偽巫會讓他們獻祭。
每五年獻祭一個少女,少女不知情,在被族人簇擁著繁華中死去。
新芽是外來的。她三百年前陪著好友來到漠堡,卻成為了好友的替代品,代替好友死去。
漠堡中的人發現了還有這種辦法,就開始出去拐騙少女。
她卻殘留了一股神魂,目睹著被騙的無數少女在這里死去。
而漠堡忽然有一天,所有的人都死去了。
新芽飄蕩在漠堡上很久,還以為這一切都結束了。沒想到五年之后,沙漠中的一個年輕女修被巫力選中,落到夜間的漠堡之中。
成為了新的祭品。
而酥酥就是這一個五年被選中的祭品。
只是新芽也不知道巫力是怎么選中的酥酥,只知道被選中了,她就會被拖到此處來。
酥酥沉默了。
在她的身后遠處,那些火把又一次亮了,不少人吵雜著舉著火把,心急如焚的到處找新芽姑娘。
新芽已經成了一個代號。

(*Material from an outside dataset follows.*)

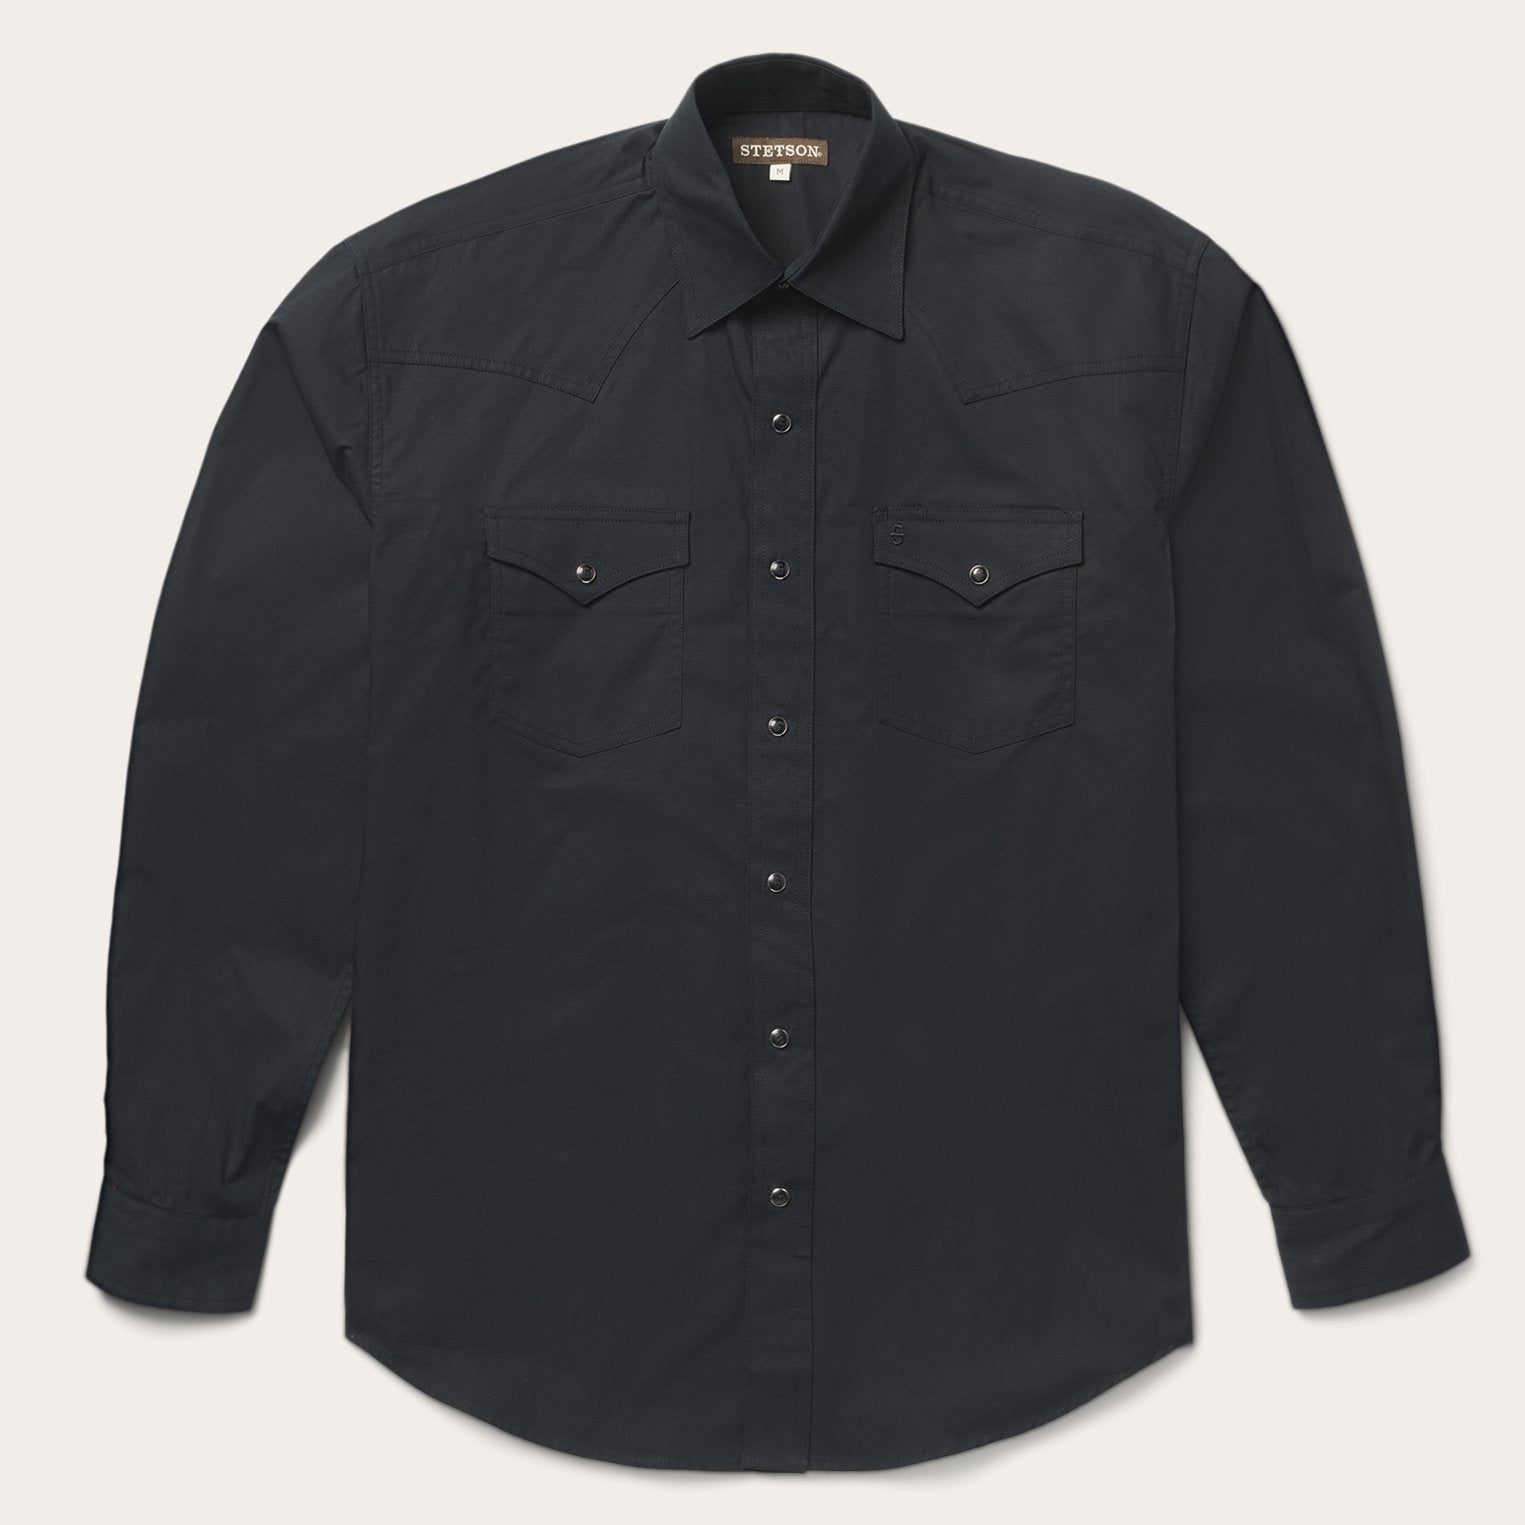 Stetson Western Shirt Men L/S Solid Snap 11-001-0465-1022 Bl Black

一個代替漠堡中人死去的替代品。
酥酥沉默了很久。她進入沙漠之后,一直跟在大師姐的身后。她不會是中了什么奇怪的招。無論是下毒,符,還是旁的,都是要有跡可循的。她都沒有。
等等。
酥酥猶豫了一下,低頭看自己的腳。
此刻她的腳已經不疼了。
或者說在漠堡之中她的腳不疼。
一路走來非要說一個不一樣的點,那就是她的腳疼。
難道說,她腳上的那種疼痛就是偽巫制造的嗎將她選為祭品。
“好惡劣的行為。”
酥酥低語了一句。
重淵這一句聽明白了,抬手落在酥酥的頭頂摸了摸。
“的確。”
酥酥抬眸。
她剛剛問重淵的問題被他一晃而過,她也不追問了,只是換了一個問“我們怎么從這里離開”
什么偽巫,巫力,祭品,她聽著都頭皮發麻。
這里真的讓她待不下去。一想到這里的人都是極惡之徒,還有那么多的倀鬼,讓她想一下呼吸都困難。
重淵掃了一眼天際。
天空掛著一輪月,猩紅。
“毀掉祭祀臺。”
重淵語氣冰冷。
甚至是有些厭惡。
新芽在一側嘰嘰喳喳。
“對,祭祀臺。”
“我們死后都是被放在祭祀臺上的。”
“那里有一個黑衣服的偽巫。”
酥酥明白了。制造漠堡的異象的,是偽巫,把她抓過來的也是偽巫。而這一切的根源在祭祀臺。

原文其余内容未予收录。